Excerpted data:
· · · · · · ·

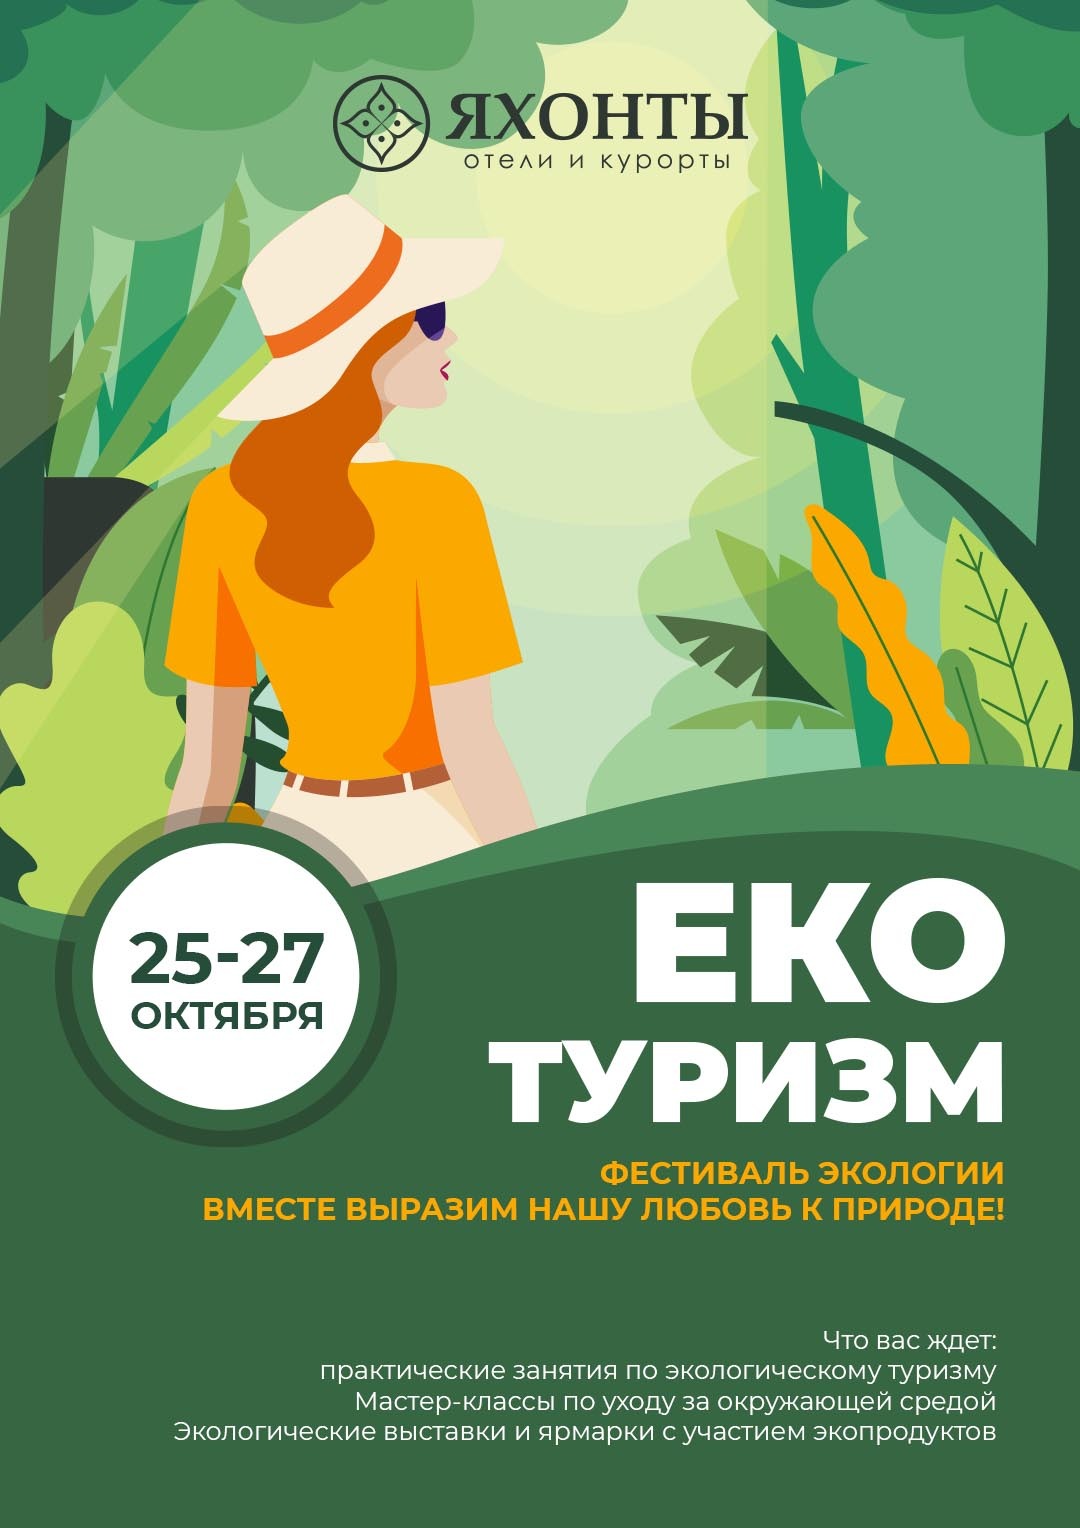 Эко туризм" Фестиваль экологии
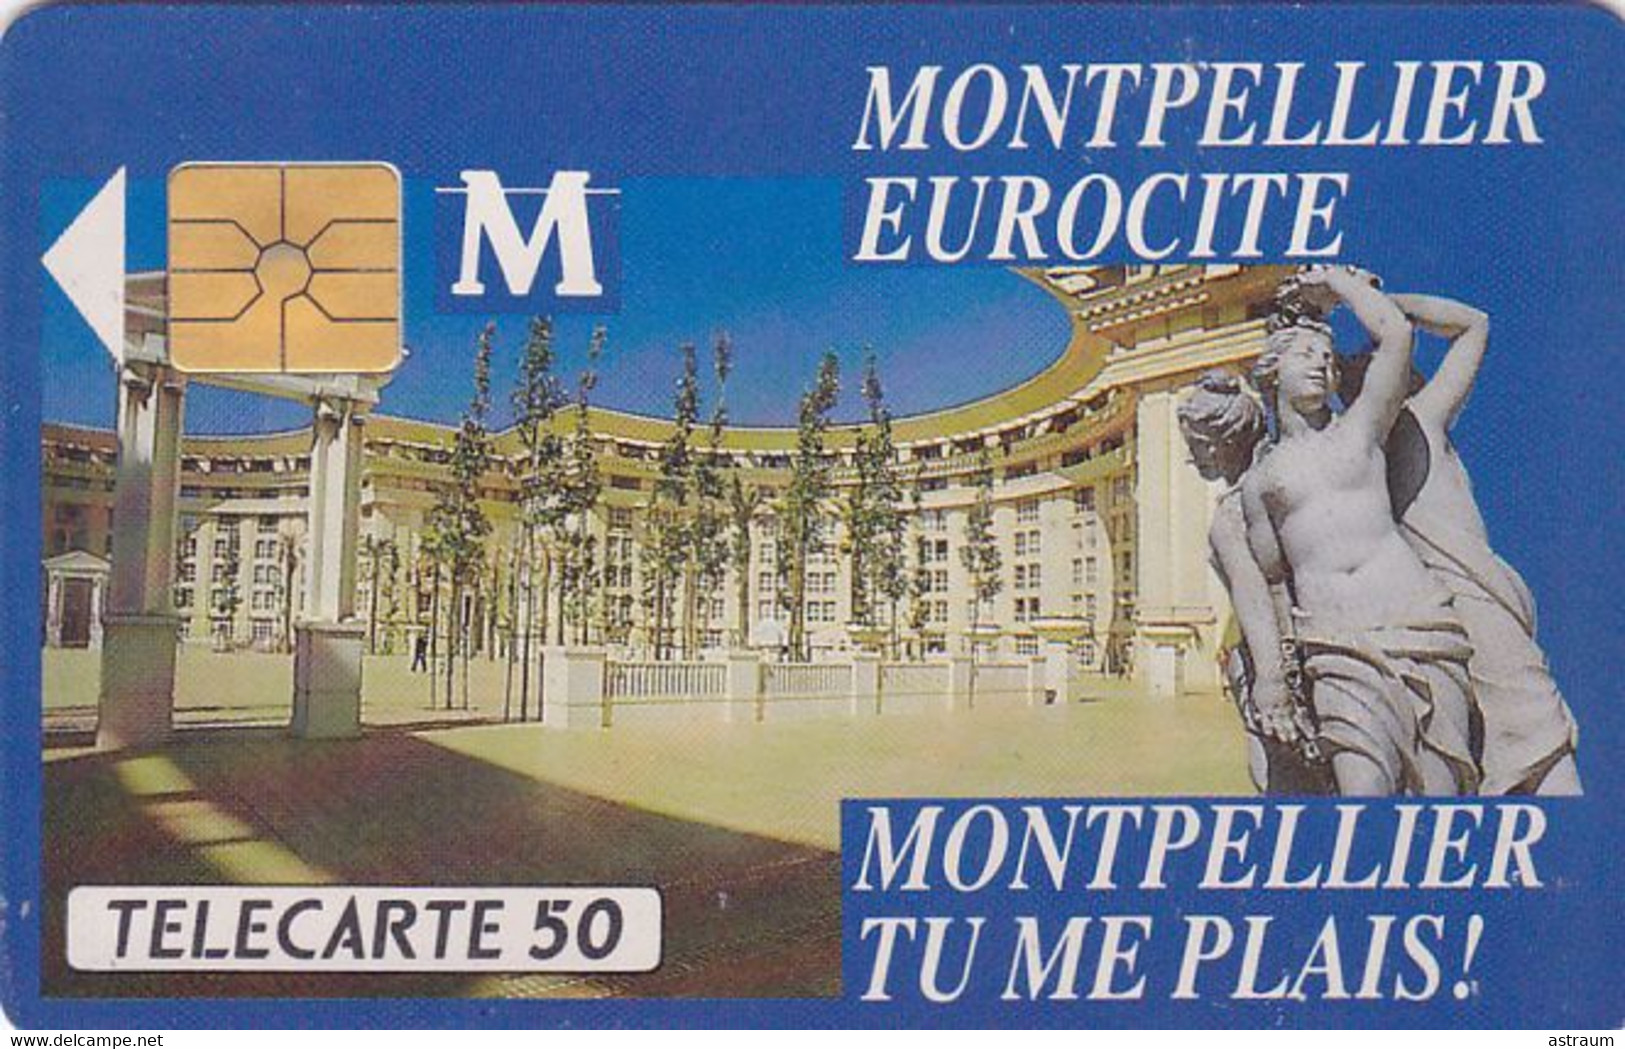 Telecarte Privée - D325 - Montpellier Eurocité - Gem - 1500 Ex  - 50 Un - 1990 - Telefoonkaarten Voor Particulieren
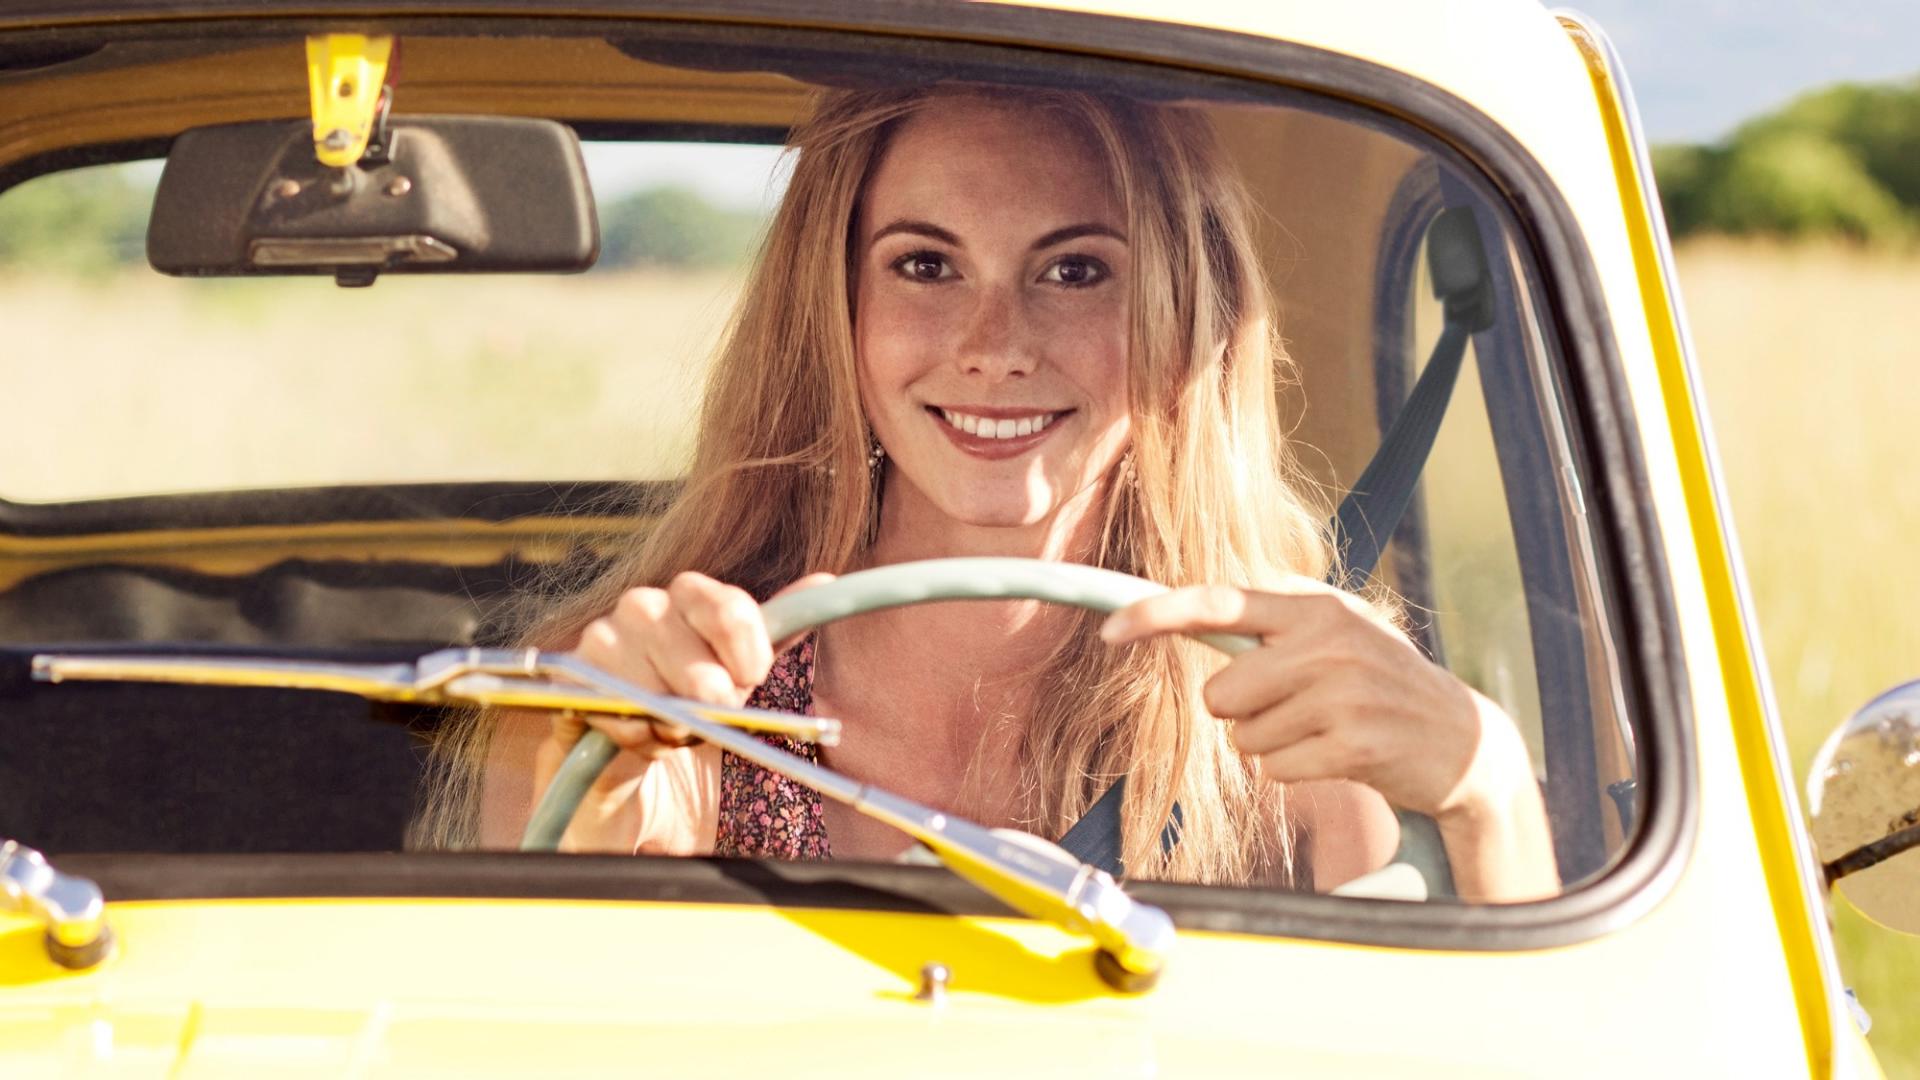 Eine blonde Frau sitzt hinterm Lenkrad in einem gelben Auto und lächelt.
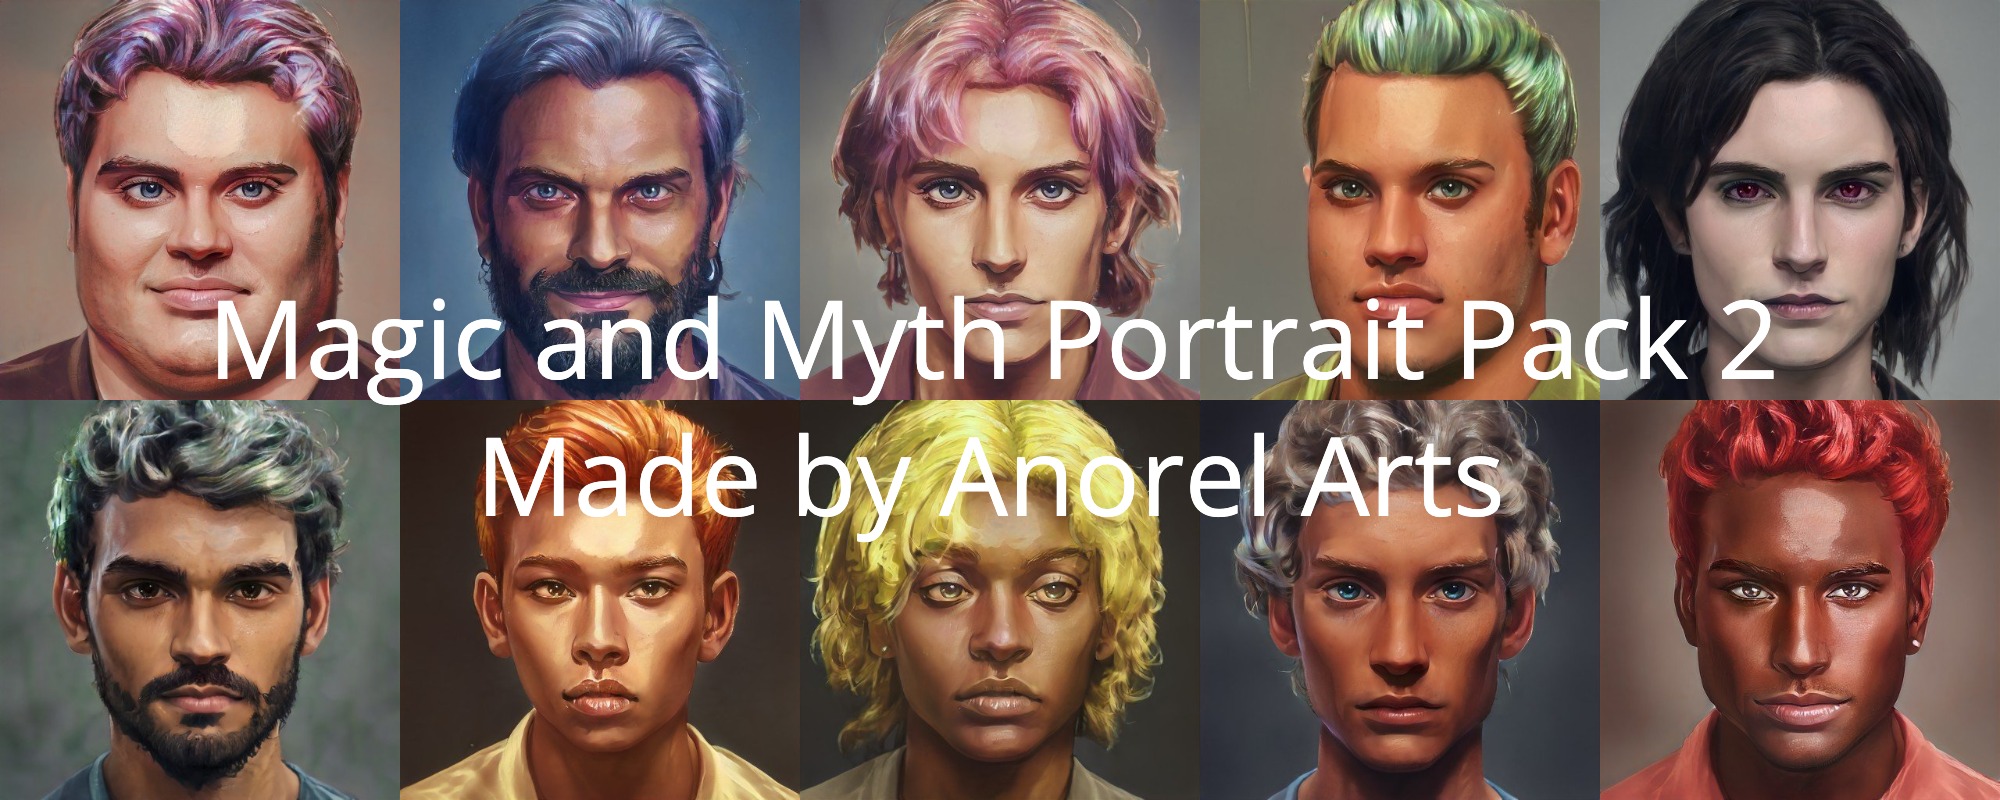 Magic and Myth Portrait Pack 2
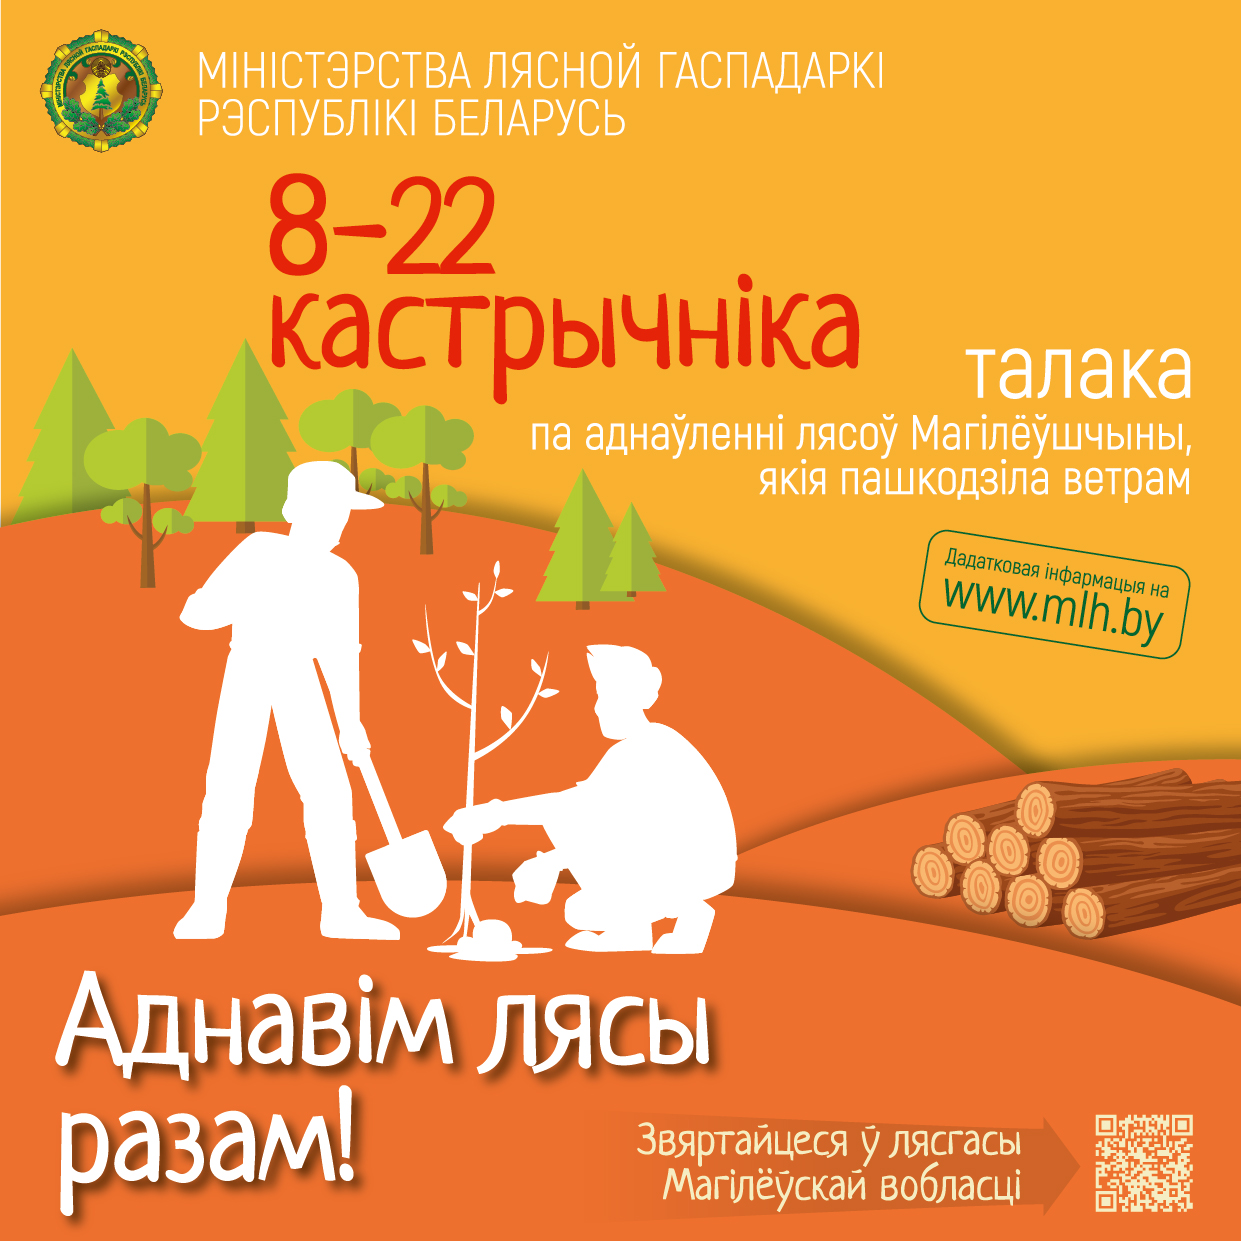 Акция по обновлению лесов Могилёвщины!

· · · · · · ·

Activity:
Reproduce the material word for word, minus the images.

The answer:
 Эко туризм" Фестиваль экологии
 Telecarte Privée - D325 - Montpellier Eurocité - Gem - 1500 Ex  - 50 Un - 1990 - Telefoonkaarten Voor Particulieren
 Eine blonde Frau sitzt hinterm Lenkrad in einem gelben Auto und lächelt.
 Magic and Myth Portrait Pack 2
 Акция по обновлению лесов Могилёвщины!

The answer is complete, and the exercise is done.